Now, one easy way to obtain a polynomial time algorithm for co-bipartite graphs is to use the PSPACE algorithm given by Fomin et al. (2010), as follows. When G is a co-bipartite graph on n vertices which is not a clique, the based on the above, we have that mvc(G) is \(n-2\) and evc(G) is either \(n-2\) or \(n-1\). For \(k \in \{n-2, n-1\}\), the value of \({n \atopwithdelims ()k}\) is at most \(n^2\). This is the number of vertices in the multigraph obtained by Fomin et al. (2010). The number of edges of the multigraph is at most the square of number of vertices, multiplied by the number of edges of G. The construction of this graph can therefore be done in polynomial time, using the procedure given by Fomin et al. (2010). It is also possible to identify whether \(evc(G)=k\) where \(k \in \{n-2, n-1\}\) in polynomial time using the algorithm given by Fomin et al. (2010).

This running time can be improved to \(O(n^2)\) as follows. Since G is not a clique, at least one vertex of A is not a universal vertex. From results in Babu et al. (2020), it follows that for \(evc(G)=mvc(G)=n-2\), for each vertex v there must be a vertex cover of G of size \(n-2\) that contains v and all cut vertices of G. Note that a cobipartite graph with bipartition (AB) can have at most one cut vertex in A and at most one B. Further, a vertex \(u \in A\) is a cut vertex if and only if \(N(B) \cap A = \{u\}\).
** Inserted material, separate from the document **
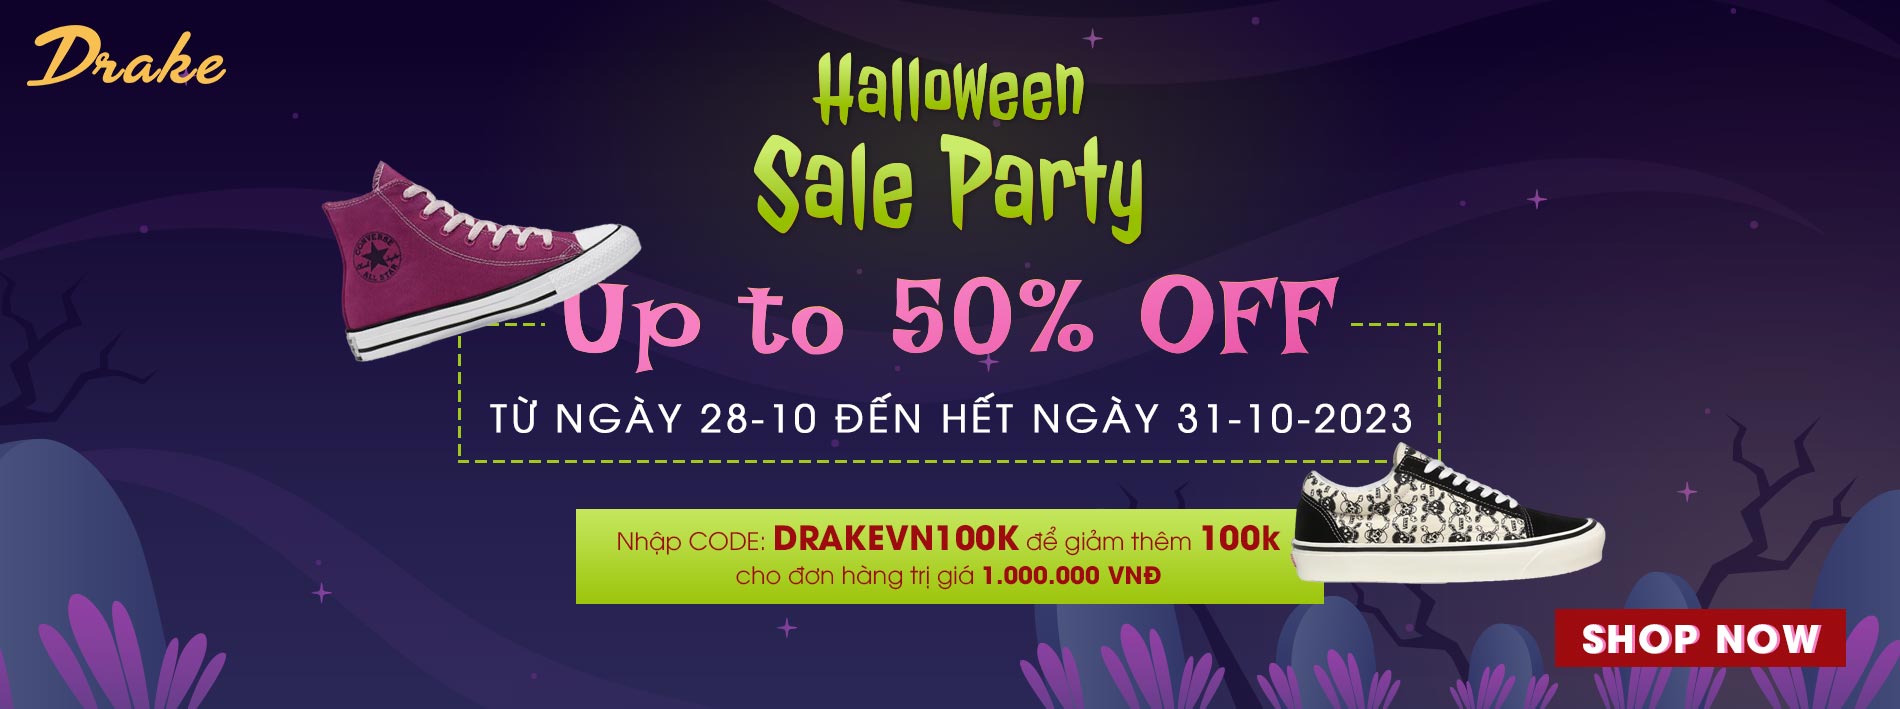 HALLOWEEN SALE PARTY - DRAKE SALE ON TOP - UP TO 50% ALL ITEMS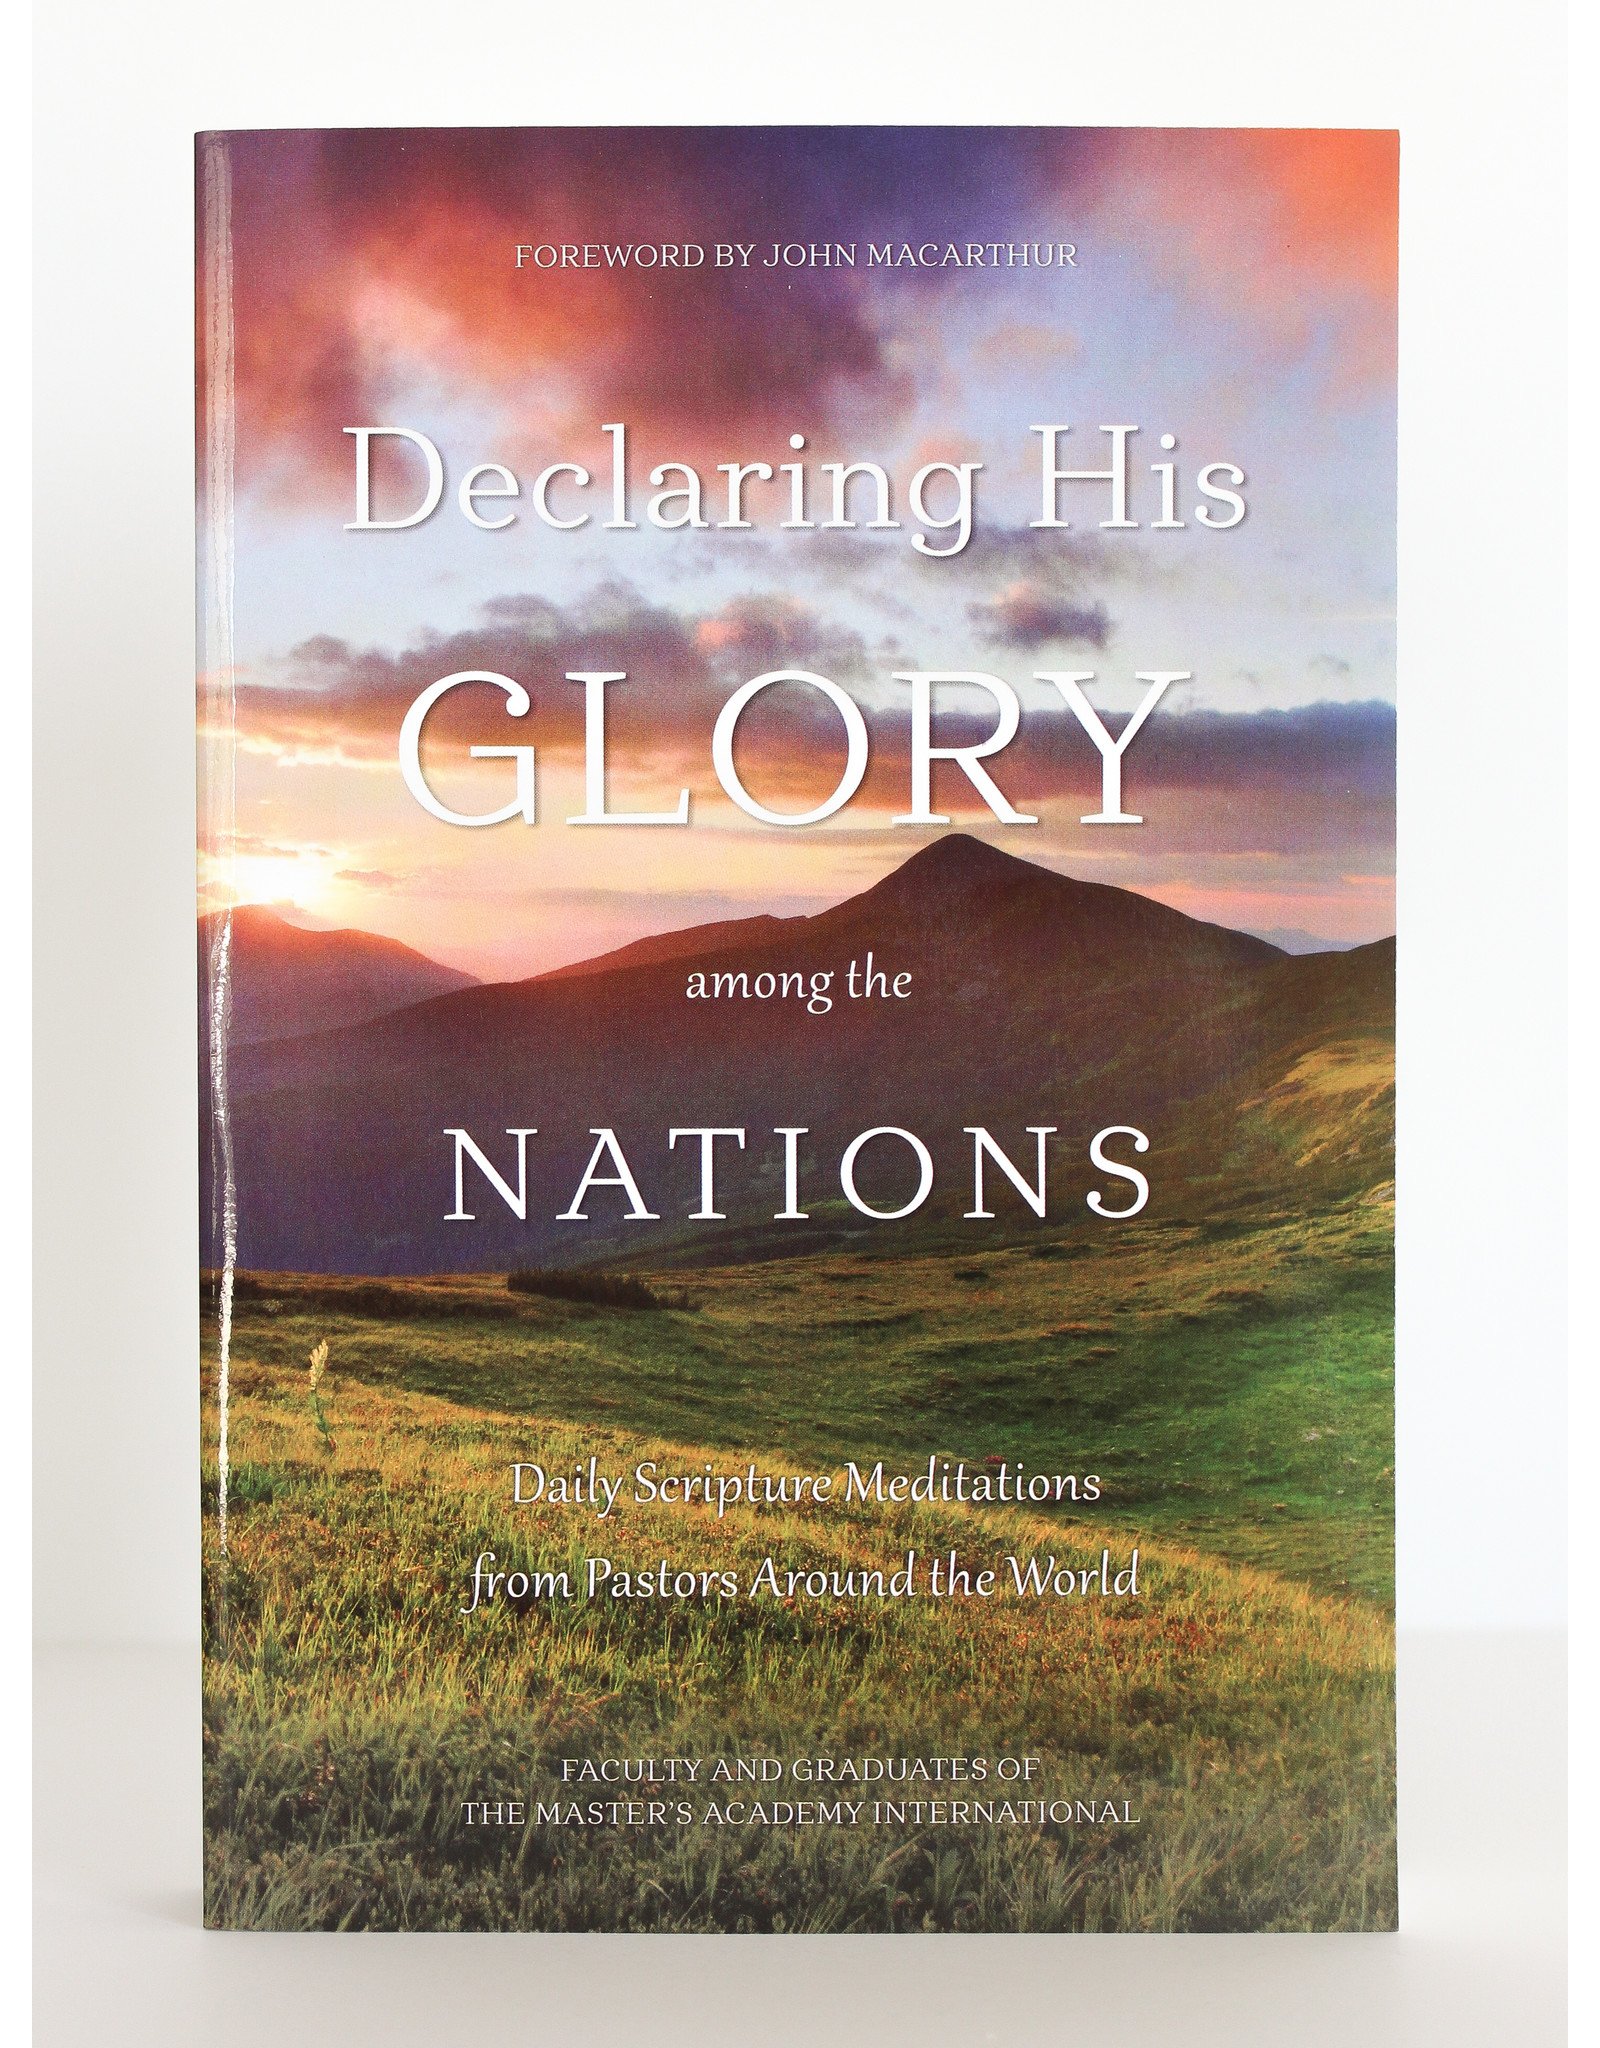 TMAI Declaring His Glory Among the Nations: Daily Scripture Meditations from Pastors Around the World

Likewise, a vertex \(u \in B\) is a cut vertex if and only if \(N(A) \cap B = \{u\}\). Therefore, we can enumerate the set of cut vertices in linear time, and check if the necessary condition holds in \(O(n^2)\) time.

We will also argue that this necessary condition is also sufficient to guarantee \(evc(G)=n-2\), thus completing the description of an \(O(n^2)\) algorithm to determine evc(G) when G is a cobipartite graph. Suppose that the necessary condition for \(evc(G)=mvc(G)=n-2\) holds. Then every minimum vertex cover of G must contain exactly \(|A|-1\) vertices of A and exactly \(|B|-1\) vertices from B. Therefore, if v is a universal vertex in B, then v must be present in every minimum vertex cover of G. Further, \(|A| > 1\) and no vertex of A is a pendant vertex. It also follows from the necessary condition that A must have at least two non-cut, non-universal vertices. Similarly, B must also contain at least two non-universal, non-cut vertices.

Under the necessary condition, we can now show that \(evc(G)=n-2\). Each configuration will have the following invariant: all cut vertices occupied by guards, exactly one of the non-cut, non-universal vertex of A and exactly one of the non-cut non-universal vertex of B are unoccupied and all other vertices occupied. If an attack on an edge inside A or B happens, the unguarded endpoint of that edge must be a non-cut, non-universal vertex of G. A rearrangement of guards to achieve a symmetric configuration can be done easily. Consider an attack on an edge \(u-v\) with \(u \in A\) and \(v \in B\), when v is not occupied. Then v is not a cut vertex of G and there is another \(v' \in B\) which has a neighbor \(u'\) in A and \(v'\) has a guard. We can move the guards from u to v, \(v'\) to \(u'\) and a sequence of other movements inside cliques B and A to maintain our invariant. This concludes our proof.

Remark 1

We note that the problem of determining the EVC of cobipartite graphs can also be reduced the problem to a “reachability game” played on a graph of size poly(n), leading to an \(O(n^4)\) algorithm Grädel et al. (2002).

5 Concluding Remarks

We established the hardness of Eternal Vertex Cover on bipartite graphs of constant diameter. We also showed that, under standard complexity-theoretic assumptions, the problem does not admit a polynomial compression on these graph classes when parameterized by the number of guards. Because of the relationship between mvc(G) and evc(G), this also implies hardness when paramterized by the vertex cover number. In the light of these developments, it will be interesting to pursue improved FPT and approximation algorithms for these classes of graphs. It is also unclear if Eternal Vertex Cover is in NP even on these classes of graphs.

Remark 2

The full version of this paper can be found on ArXiV (Babu et al. 2022). The Appendix has a different algorithm with a comparable running time in the context of Theorem 2.